4. Were there similar or competing achievements? If so, have the proposers adequately described these and their relationship to the achievement being proposed? I think that a bulk-optic filter or a fiber Bragg grating (FBG)-based multi/demultiplexer was a competing achievement. The bulk-optic filter-based multi/demultiplexer requires many discrete components that are accurately aligned each other. Therefore, as mentioned by the proposers, the size of the bulk-optic filter-based multi/demultiplexer becomes large and its scalability is limited. In addition, the bulk-optic filter-based multi/demultiplexer does not have enough tolerance to the disturbance including the mechanical vibration. Although the proposers do not refer to the FBG-based multi/demultiplexer, it also has similar problems to the bulk-optic filter-based multi/demultiplexer. The FBG-based multi/demultiplexer needs as many pairs of FBGs and optical circulators (bulk-optic components) as the wavelength channels. The reflection wavelength of the FBG is sensitive to the temperature fluctuation. The proposers adequately and explicitly explained why these problems could be resolved with the silica AWG.

Other Comments The silica AWG is also applied to research areas other than optical communications.

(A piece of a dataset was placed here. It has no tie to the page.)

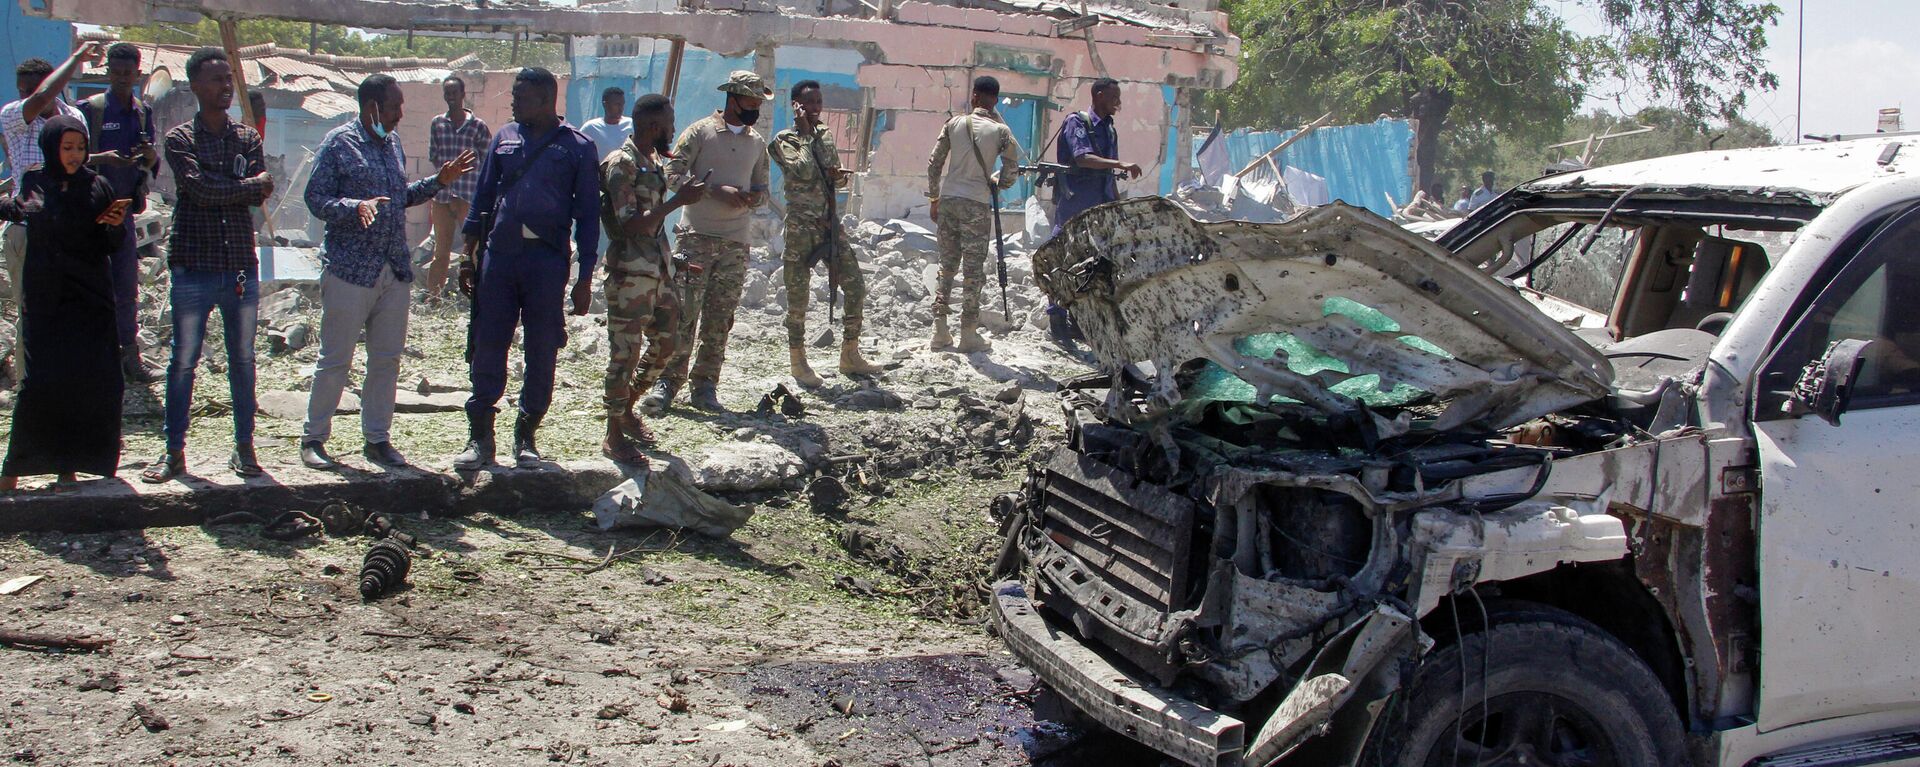 Fuerzas de seguridad y otras personas observan los restos de un vehículo blindado alcanzado por una explosión en Mogadiscio, Somalia, el 12 de enero de 2022. - Sputnik Mundo, 1920, 12.01.2022

Examples include a spectroscopic sensor and a spectrum synthesizer for optical frequency combs. The silica AWG have also triggered the investigation of a semiconductor or a silicon waveguide-based multi/demultiplexer.

Re: Reviewer #1 Comments -- Ryoichi Kasahara (talk) 08:25, 17 July 2024 (UTC)

Thank you very much for useful comments by Reviewer #1. Following your suggestion, we would like to revise our proposal as follows. Added a comparison with FBG-type to the proposal.

What obstacles (technical, political, geographic) needed to be overcome? Before the early 1990s, only a bulk-optic-type and a fiber Bragg grating (FBG) -type components were available as wavelength multi/demultiplexer for WDM. The bulk-optic-type component is composed of many optical devices, such as optical lens, diffraction gratings, wavelength selective filters and mirrors, arranged in the optical path. It was necessary to align each component with high accuracy of sub-microns. Therefore, when wavelength channel scale is increased, the component configuration becomes complicated with many optical devices and the characteristic stability is deteriorated. The FBG type component is constituted by cascade-connecting many pairs of FBG filters and optical circulators as many as wavelength channels. This leads large device size and complicated precise wavelength adjustment when the channel scale is increased. For these reasons, the wavelength channel scale of the bulk-optic-type and FBG-type multi/demultiplexers was limited up to about 10 channels, which was insufficient to fully utilize the ultra-wide bandwidth of the optical fiber of 100 channels or more. It was expected to realize an integrated wavelength multi/demultiplexer based on optical waveguides with large wavelength channel scale, excellent characteristics, high reliability, mass productivity and low cost for practical use in the commercial optical transmission systems. The optical waveguide fabrication technology was also insufficient to realize a high-performance integrated wavelength multi/demultiplexer that required highly accurate optical phase control and optical polarization control for waveguided lights. The improvement of the high-precision and defect-less optical waveguide processing technology was required.